### DATA EXCERPT ###
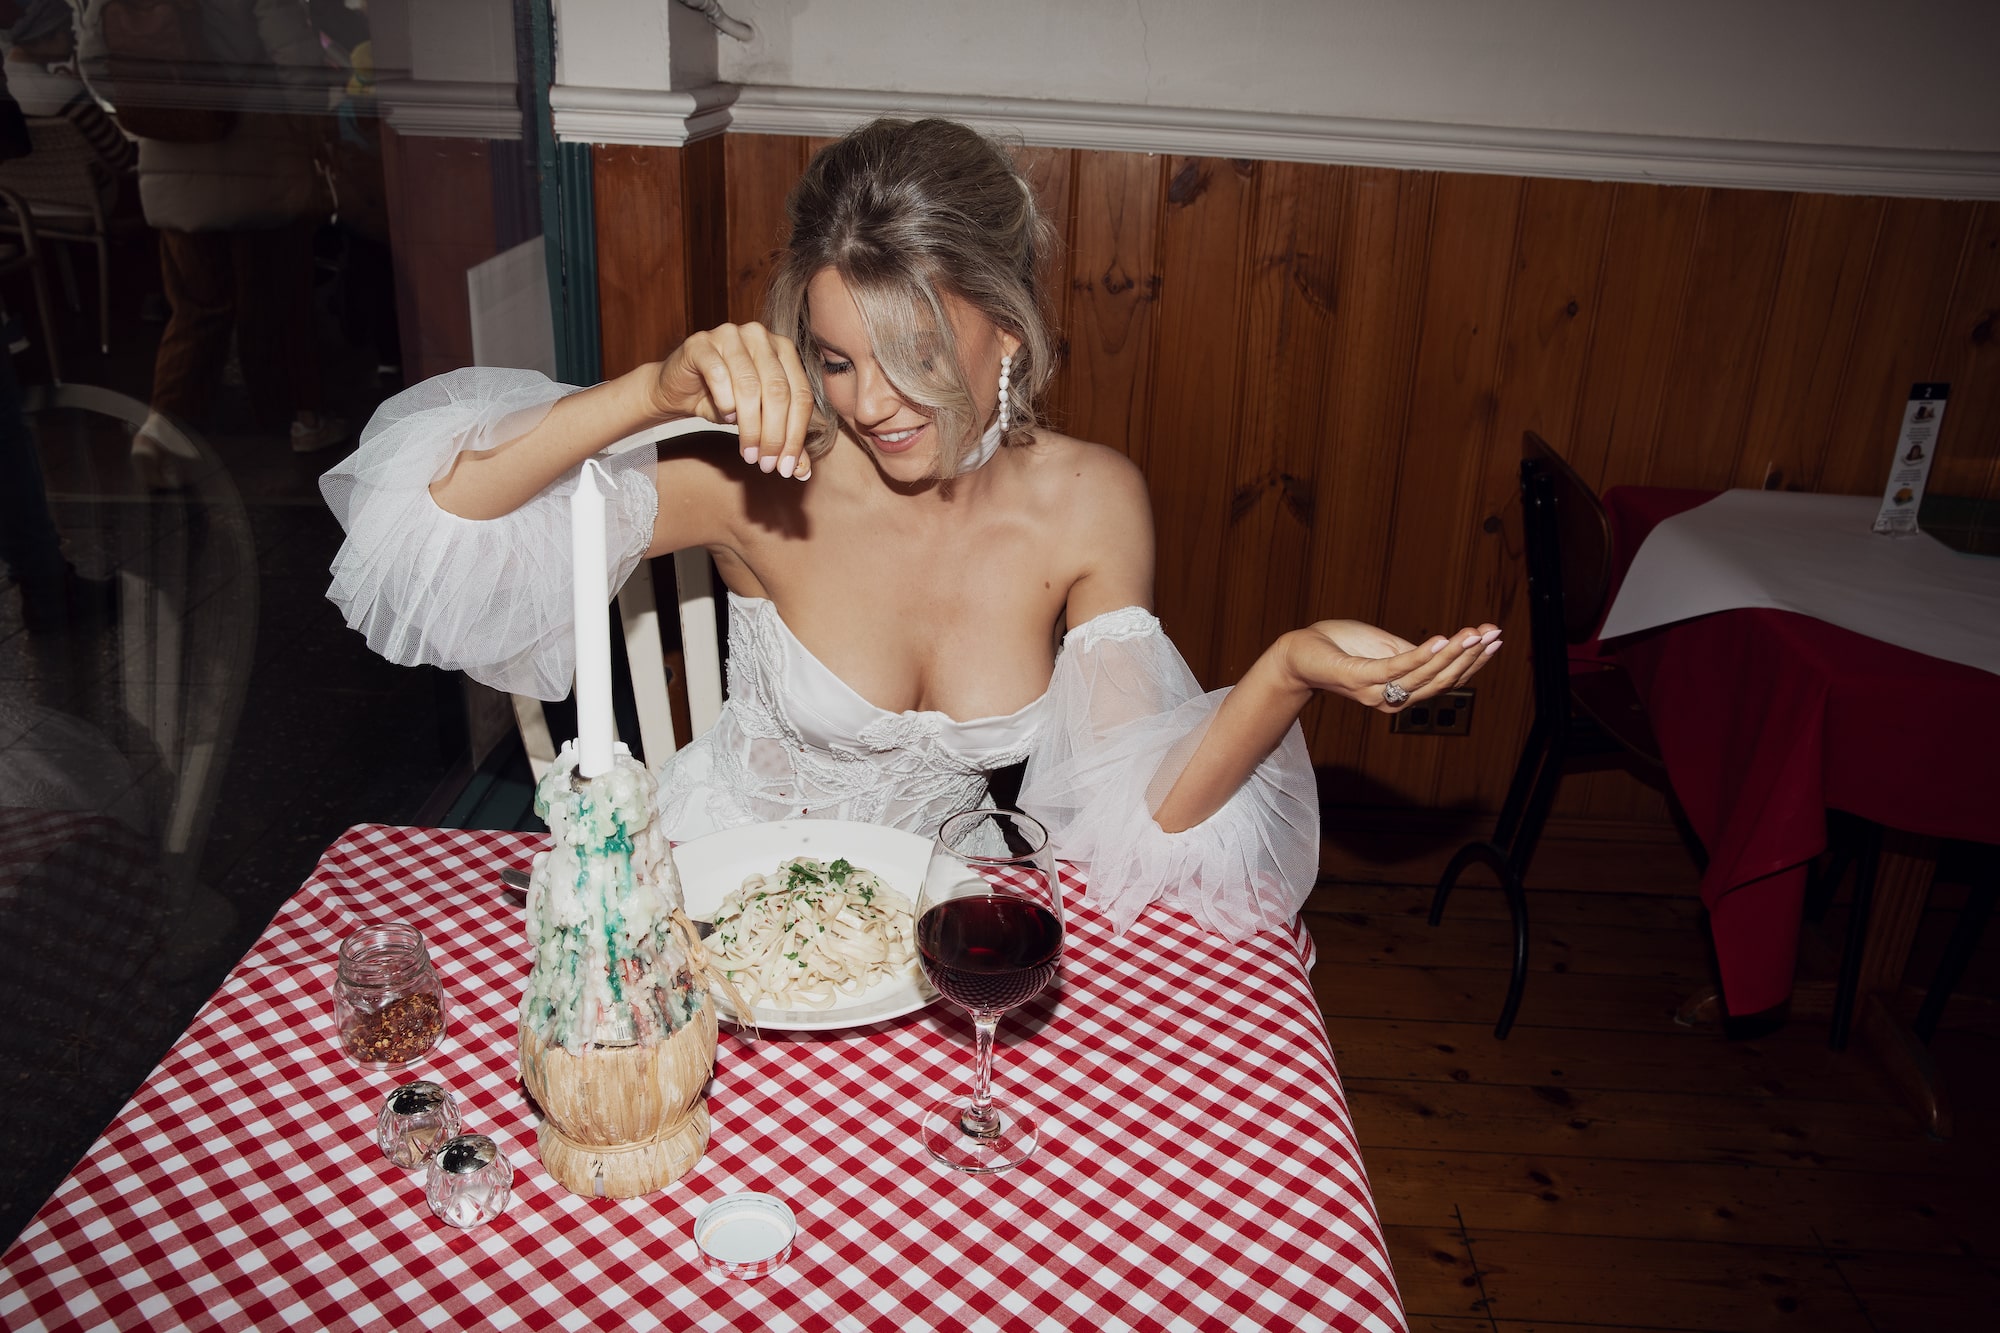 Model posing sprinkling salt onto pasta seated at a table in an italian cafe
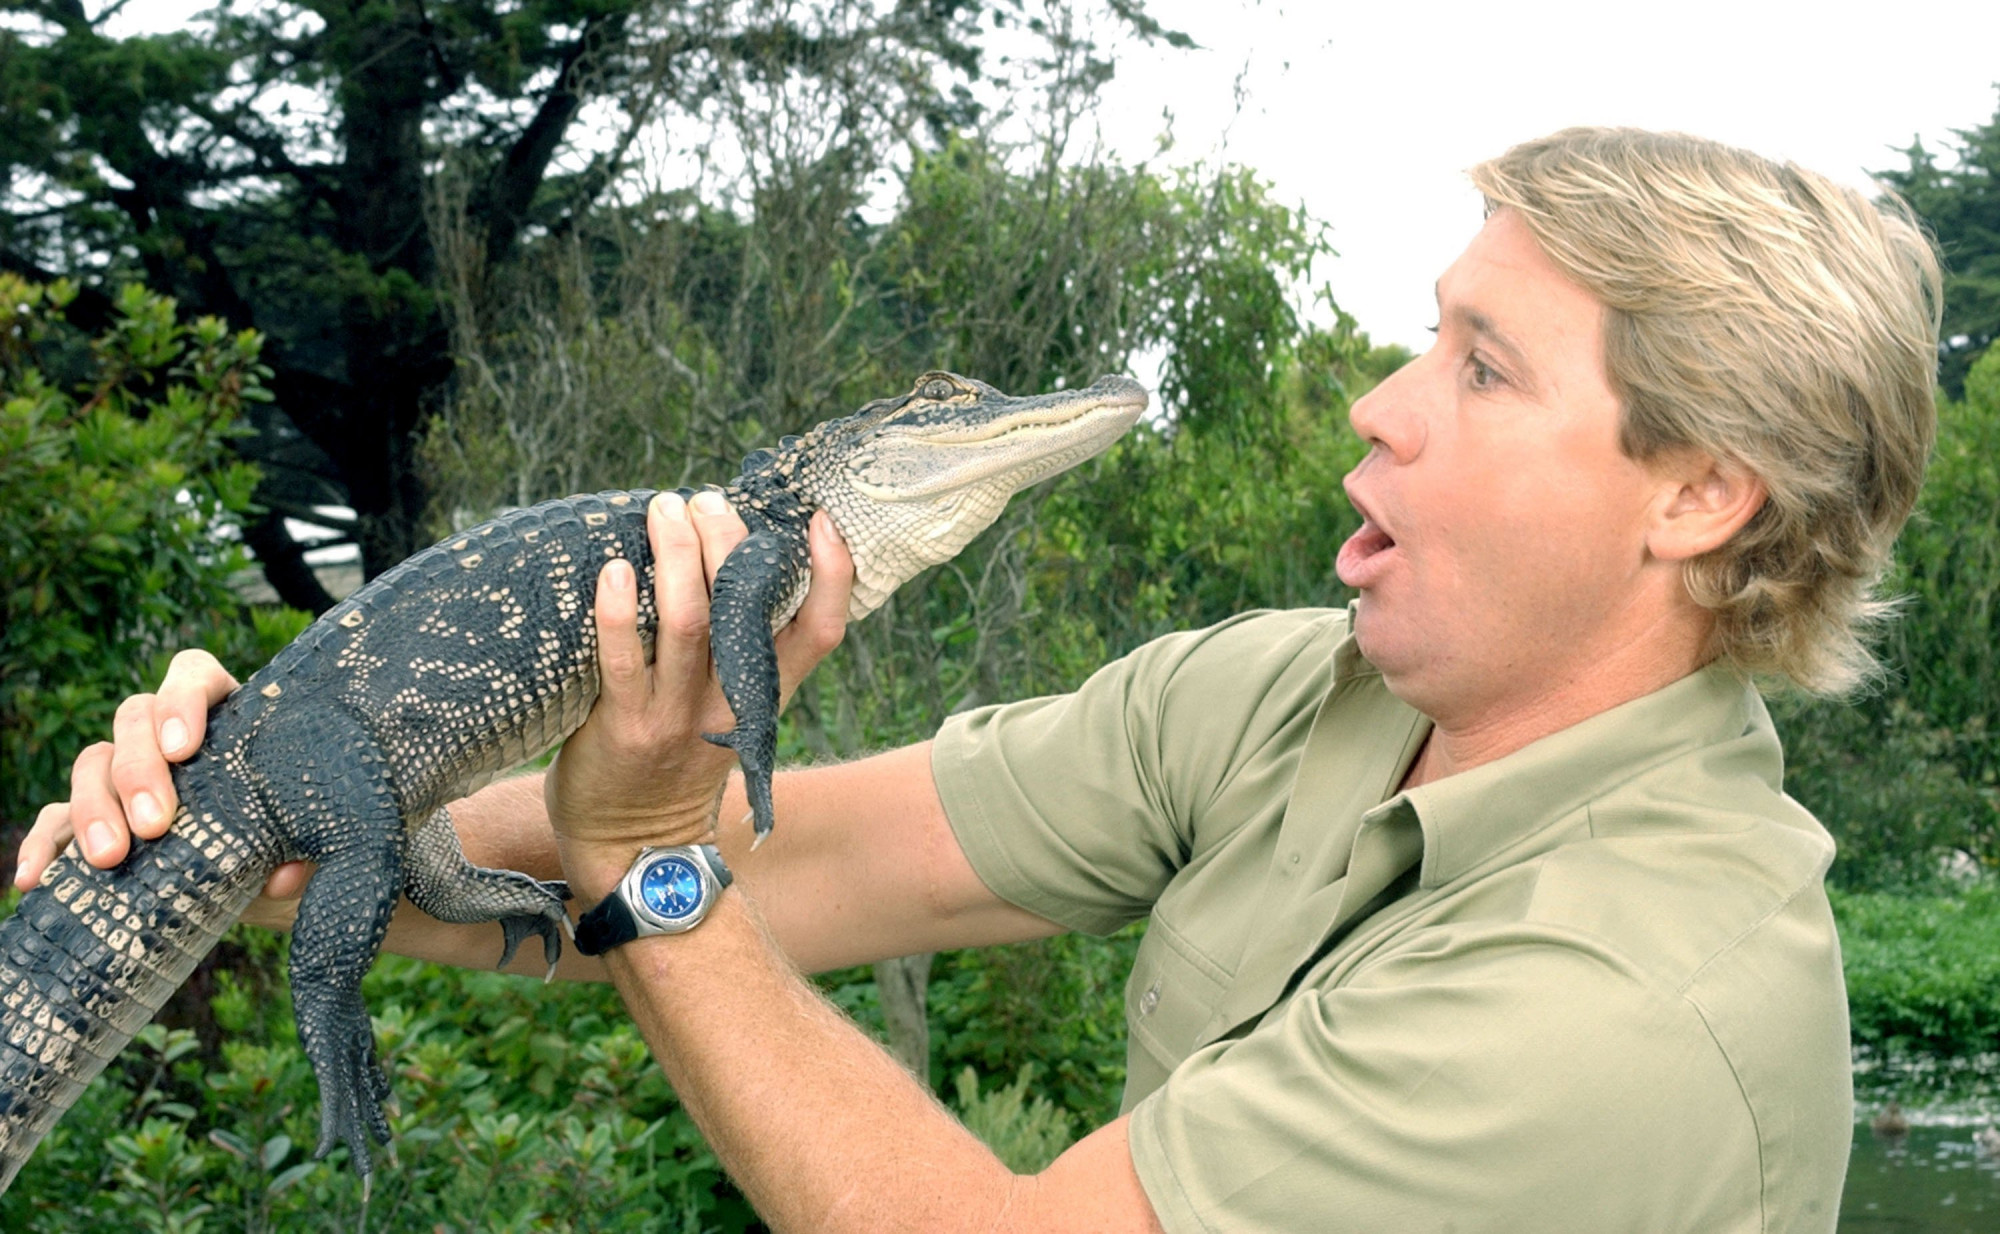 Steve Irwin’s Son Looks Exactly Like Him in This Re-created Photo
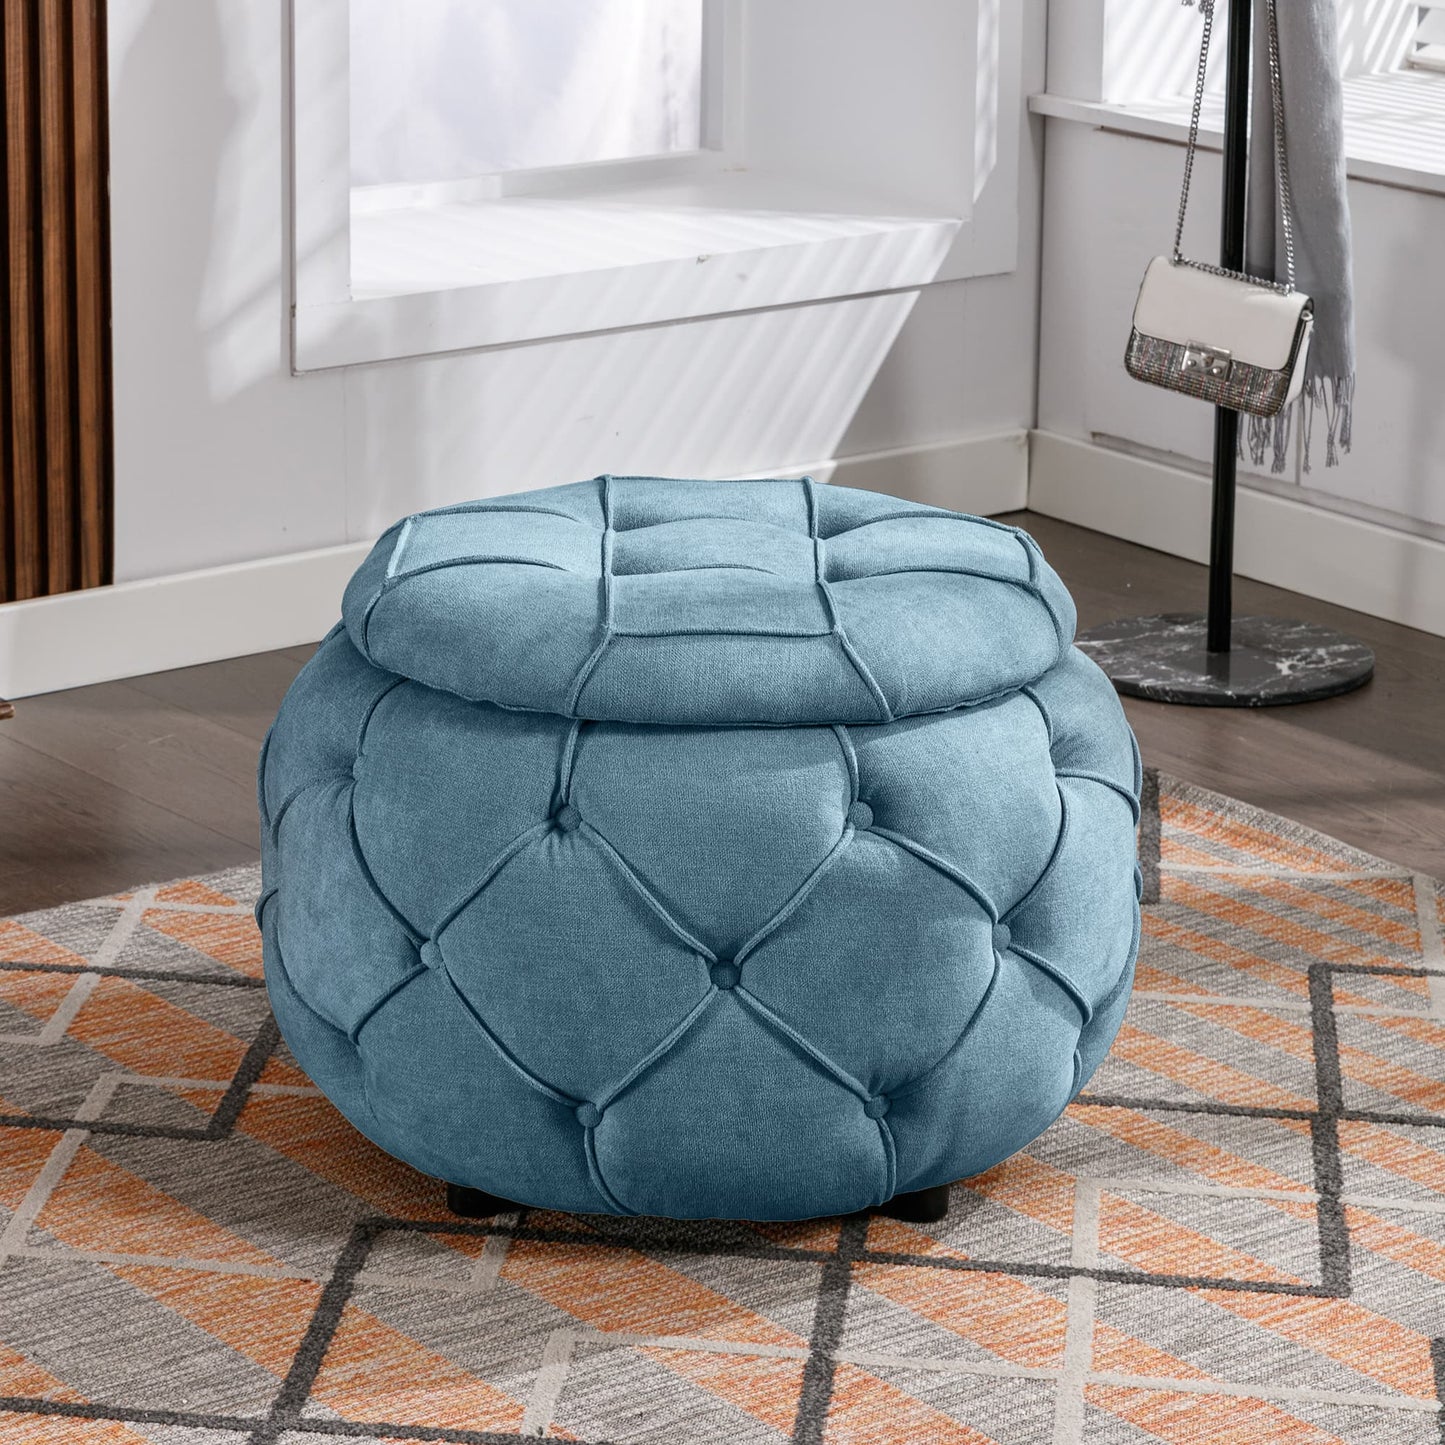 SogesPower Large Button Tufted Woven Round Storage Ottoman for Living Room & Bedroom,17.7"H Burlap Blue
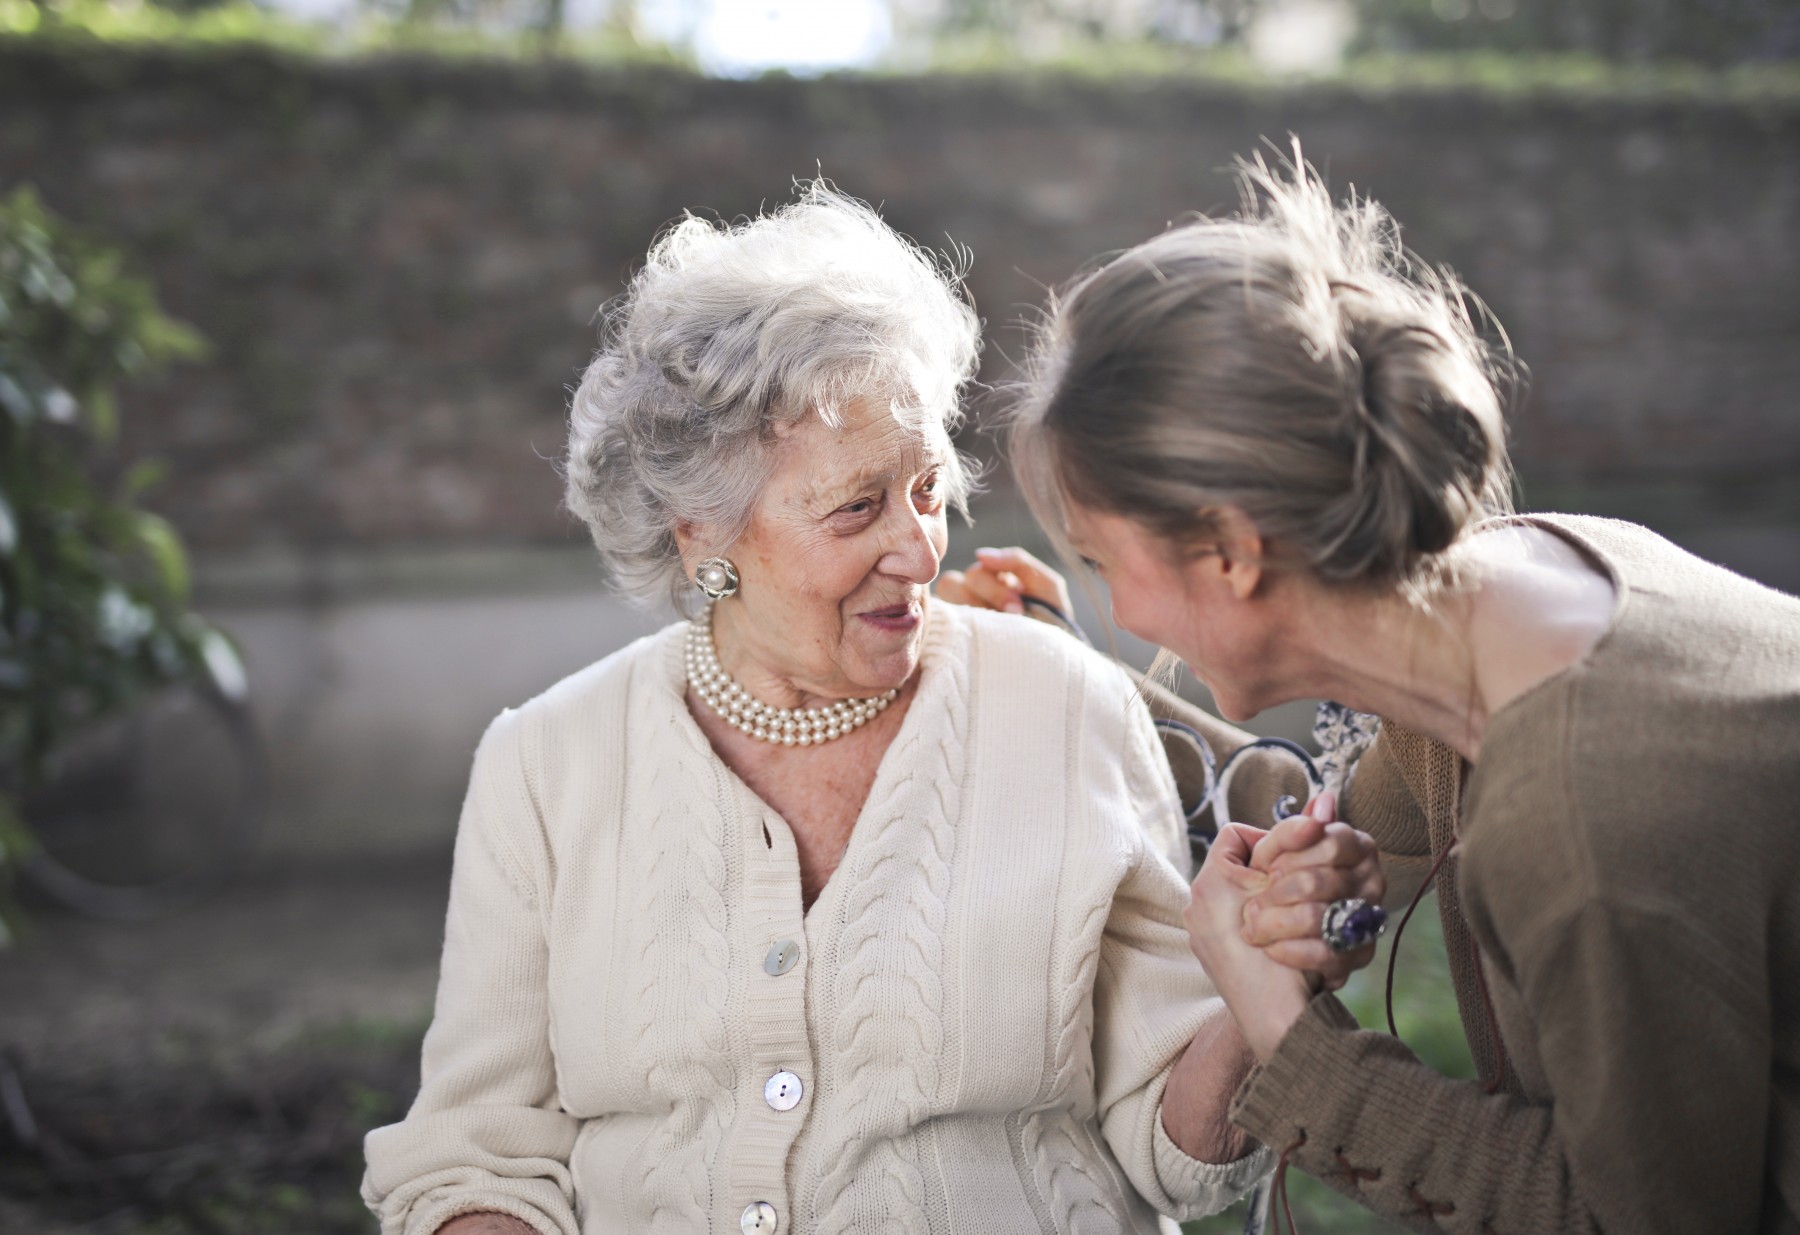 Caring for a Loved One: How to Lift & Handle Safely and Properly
###
**DIRECTIONS**
Reproduce every line above word for word; no images.

**EXERCISE OUTPUT**
 Model posing sprinkling salt onto pasta seated at a table in an italian cafe
 Steve Irwin’s Son Looks Exactly Like Him in This Re-created Photo
 SogesPower Large Button Tufted Woven Round Storage Ottoman for Living Room & Bedroom,17.7"H Burlap Blue
 Caring for a Loved One: How to Lift & Handle Safely and Properly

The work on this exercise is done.